Esto leía el sobrinonieto de ese cura reflexionando sobre cómo un millón de personas murió en una guerra fraticida donde todos los bandos fueron perdedores y solo algunos lograron tener un poder omnímodo que se perpetuó por cuarenta años y deseando que los nietos del hombre que escribió esta historia no lleguen  a conocer algo así nunca más.
                                                                                                                             José Luis Álvarez Cubero
Lebrija 3 de junio de 2017

La nieta
Esa mañana los pájaros de la plaza que iniciaba la ancha avenida volaban tranquilos. Mientras llevaba de su mano a su nieta, le iba contando sus historias de la guerra, ella era muy pequeña entonces, pero recordaba perfectamente los bombardeos, el tableteo de fusilada, los cristales rotos. Parecía tan real, aunque lo había vivido hace mucho tiempo, pero ahora que iba perdiendo la memoria de lo presente, solo recordaba el lejano pasado, quizás en estos últimos años lo que le quedaba por vivir era solo ese triste pasado.

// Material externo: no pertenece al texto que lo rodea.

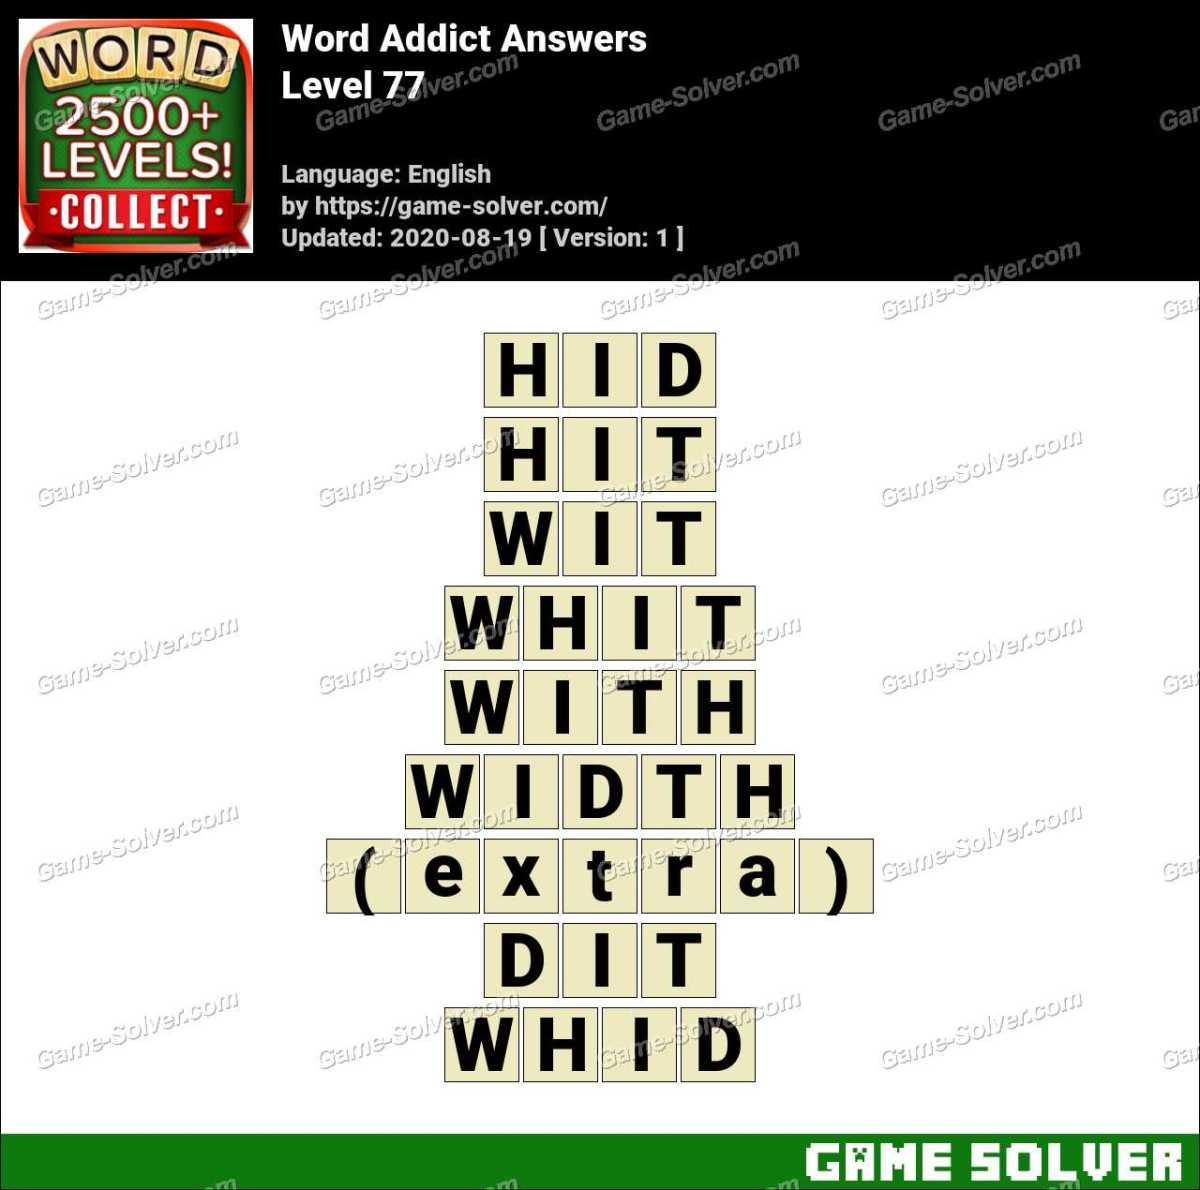 Word Addict Level 77 Answers

La abuela sabía que su nieta siempre la miraba con admiración o interés, aunque también sabía que había un interés oculto, al final del paseo siempre la debía recompensar con algo, un helado, un juguete, o cualquier capricho de las tiendas aledañas.
Es curiosa la relación entre una abuela y una nieta, pensaba mientras se adentraba en la avenida, solo el cariño existe, pues la responsabilidad de educar no era suya, de eso ya se encargaría la madre, su hija. Ella la veía con sus ojos de abuela, aunque le parecía que nunca cambiaba esa niña, que siempre estaba igual de linda.

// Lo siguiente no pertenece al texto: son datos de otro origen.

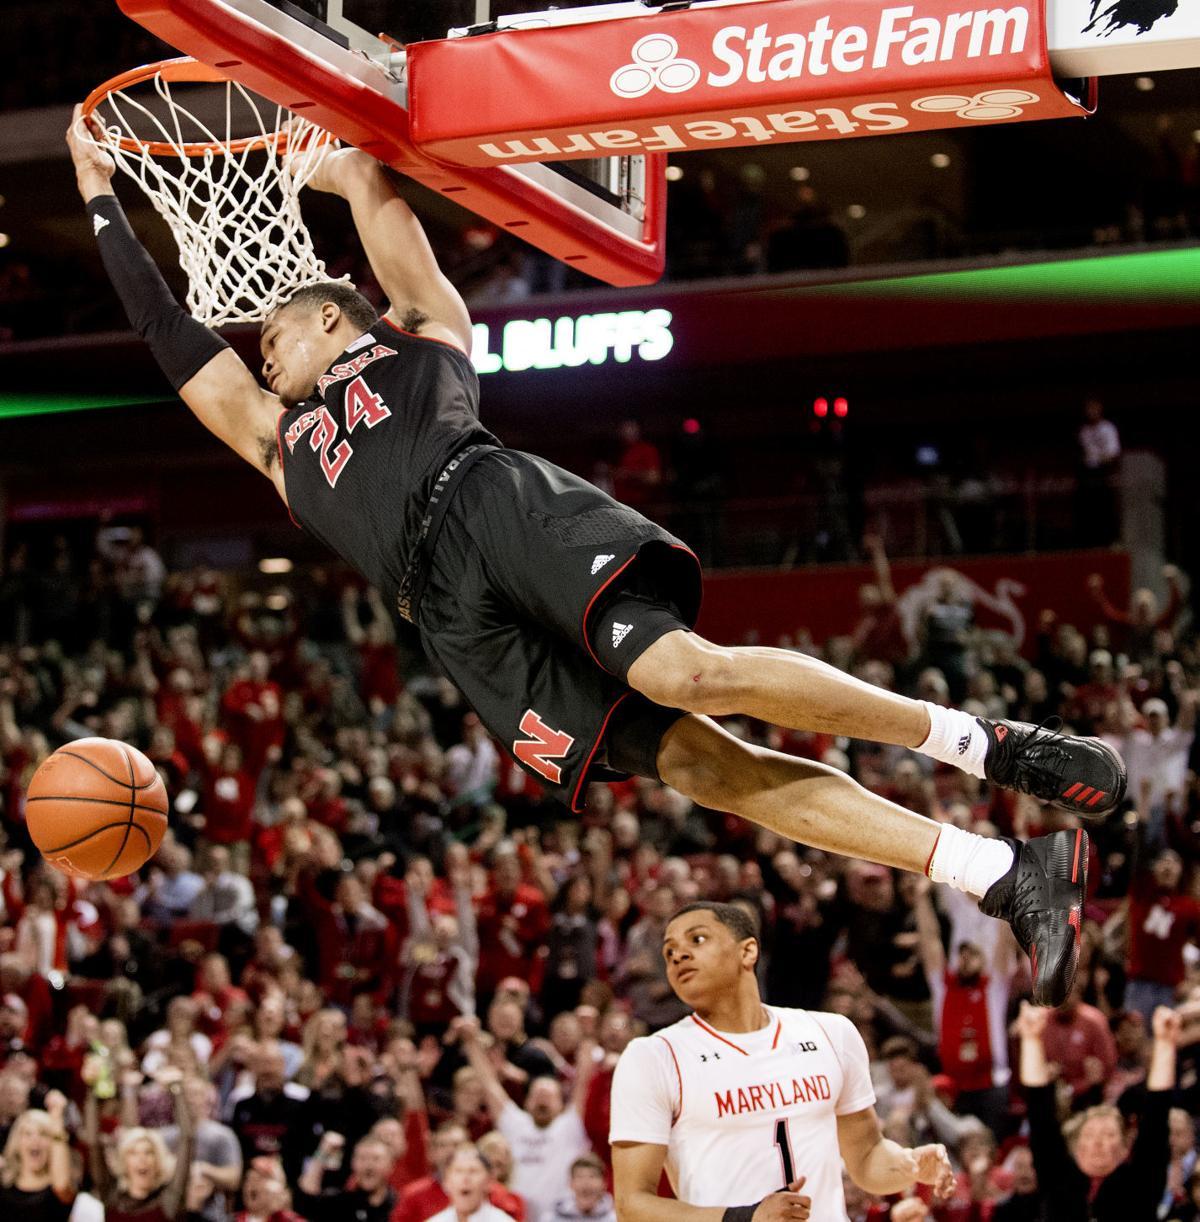 James Palmer dunks against Maryland

Esa mañana de agosto, no sabía por qué, la abuela estaba especialmente melancólica, recordaba tantas caras angustiadas, no solo de la guerra, sino también de los tiempos de la posguerra, del hambre indefinible, de la angustia que llegaba como un eco de sus mayores, de sus padres, tíos y  vecinos.
Ahora en 2017 era diferente, reflexionaba cuando veía tanta gente andando por la avenida, un régimen democrático había hecho olvidar los rencores del pasado, o, al menos, a ella le parecía que era así. Una especie de Pax romana había entrado en Europa y el mundo y la seguridad de la pobre paga le hacía vivir tranquila.
Se acercó entonces a un árbol de aquel paseo rodeado de tiendas y bares, de aquella Rambla y a través de la imagen de su nieta tocó el árbol junto al mercado donde la maldita furgoneta blanca la había atropellado.